Глава шестая,
в ходе которой события принимают все более опасный и непредсказуемый оборот
Перед сном пассажиры «Оушн Глори» собрались на верхней палубе, чтобы, как они говорили, подышать свежим воздухом и полюбоваться ночным небом с его великолепными россыпями звезд и туманностей. На самом деле, как подозревал Быков, никому не хотелось ложиться спать и пережить новые кошмары. За ужином все договорились наблюдать за соседями и оберегать их, но что, если помутнение рассудка произойдет одновременно, как это случилось у Дины Салливан и Морин Остин?
Кто-то даже предложил всем разойтись по отдельным каютам, чтобы спать поодиночке, но спальных мест на яхте было ограниченное количество.
— Можно лечь прямо на палубе, — пробормотал Джо Хилл, стоящий у поручней между Мартой и Быковым. — Взять подушку, плед.
Он был не вполне трезв, однако идея показалась Быкову привлекательной. Пока Марта не возразила:
— Одному спать опасно, тем более наверху. Я вчера чуть не выбросилась за борт. Если бы не Дима…
Джо Хилл постоял с ними еще немного. Выразил надежду, что сегодня все обойдется, и поплелся в бар.
— Я так не думаю, — сказала Марта нервно.
— Ты о чем? — спросил Быков.
— Что ночь будет спокойной. Давай попробуем совсем не спать.

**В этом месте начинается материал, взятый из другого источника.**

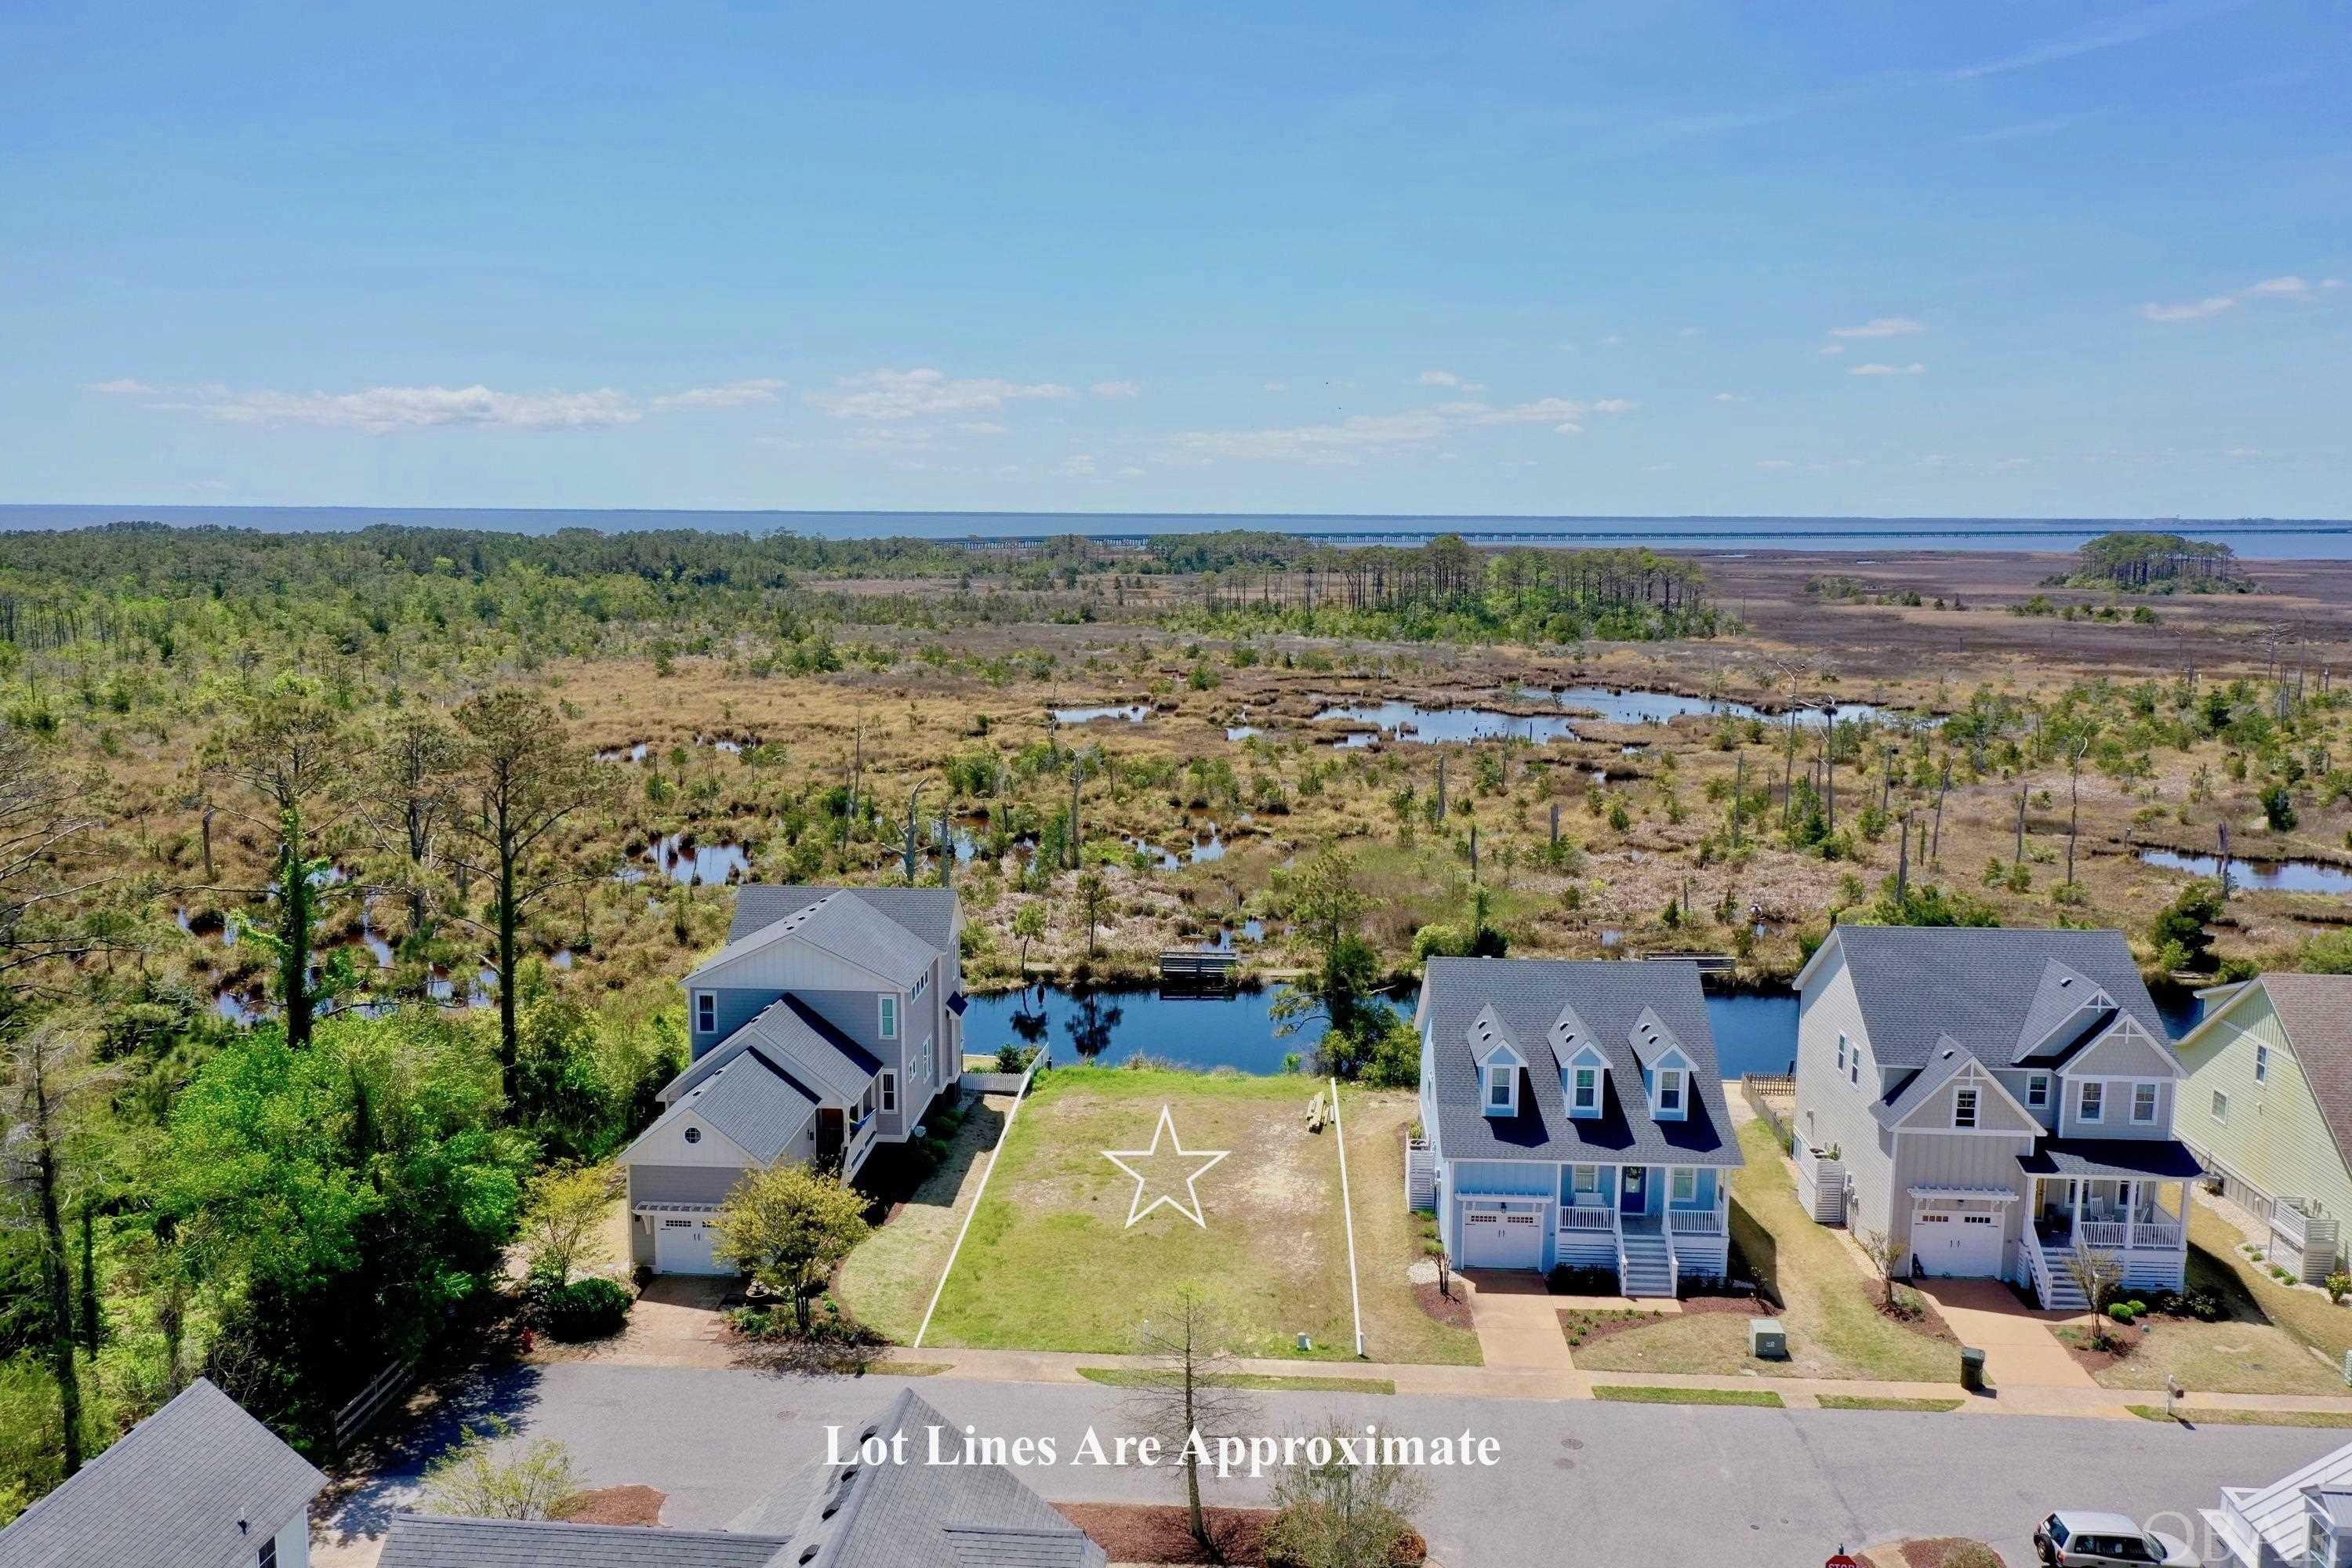 One of the few homesites remaining in "Cypress Cove" located in the charming Town of Manteo. Cypress Cove has 32 sites and is an established neighborhood with landscaped properties, homes built in the beloved Manteo Architecture, nature trail, and common areas with views of the salt marsh and Croatan Sound. Manteo is one of the oldest towns in North Carolina, full of history, and rich in culture. Walk or bike to concerts, restaurants, enjoy the Saturday morning Farmers Market, or the Downtown First Friday Celebrations, walk one of the longest contiguous boardwalk in coastal North Carolina, and shop at locally owned boutiques. This level and cleared lot is ready to build on showcasing incredible sunset views and is ideally located on the quiet back side of the community. Enjoy watching the serenity of the pond from your back deck or gazing at all the wildlife playing over the marsh. Only minutes from the beach, downtown Manteo, and the Roanoke Island Festival Park. Municipal Water and Sewer is available. The HOA fee is $520 for vacant properties and includes landscape maintenance, for improved properties the fee is $1,750 and again, includes landscape maintenance and common areas. Please note the sewer impact fee for the first two bedrooms has been paid totaling $1,920. Don't forget to check out the virtual tour link for aerial video.

— Давай. Только насколько нас хватит?
Марта лукаво посмотрела на него:
— Смотря чем заниматься.
Быков растянул губы в улыбке, хотя на самом деле ему вовсе не улыбалось провести ночь в эротических забавах. Американка все сильнее тяготила его. Совершенство ее фигуры нисколько не соответствовало ни ее интеллектуальному уровню, ни внутреннему содержанию.
Быков не стал делиться с подругой своими соображениями.
— Кажется, что мы стоим на месте, — сказал он, игнорируя ее последнюю реплику. — Это не так. Гольфстрим — очень быстрое течение. Местами до шести с половиной миль в час.
— А корабли с какой скоростью плывут? — поинтересовалась Марта.
— Десять-двадцать.
— Зачем тогда вообще двигатели? — удивилась Марта. — Можно просто пристроиться к течению и плыть вместе с ним.
— Другого такого течения, как Гольфстрим, нет, — разочаровал ее Быков. — И потом он пролегает по определенному маршруту. А что прикажешь делать тем, кому нужно в другую сторону или в другое место?
— Где он начинается? — спросила Марта, глядя в черную воду, где перемешались отражения звезд и праздничных гирлянд, развешенных на яхте.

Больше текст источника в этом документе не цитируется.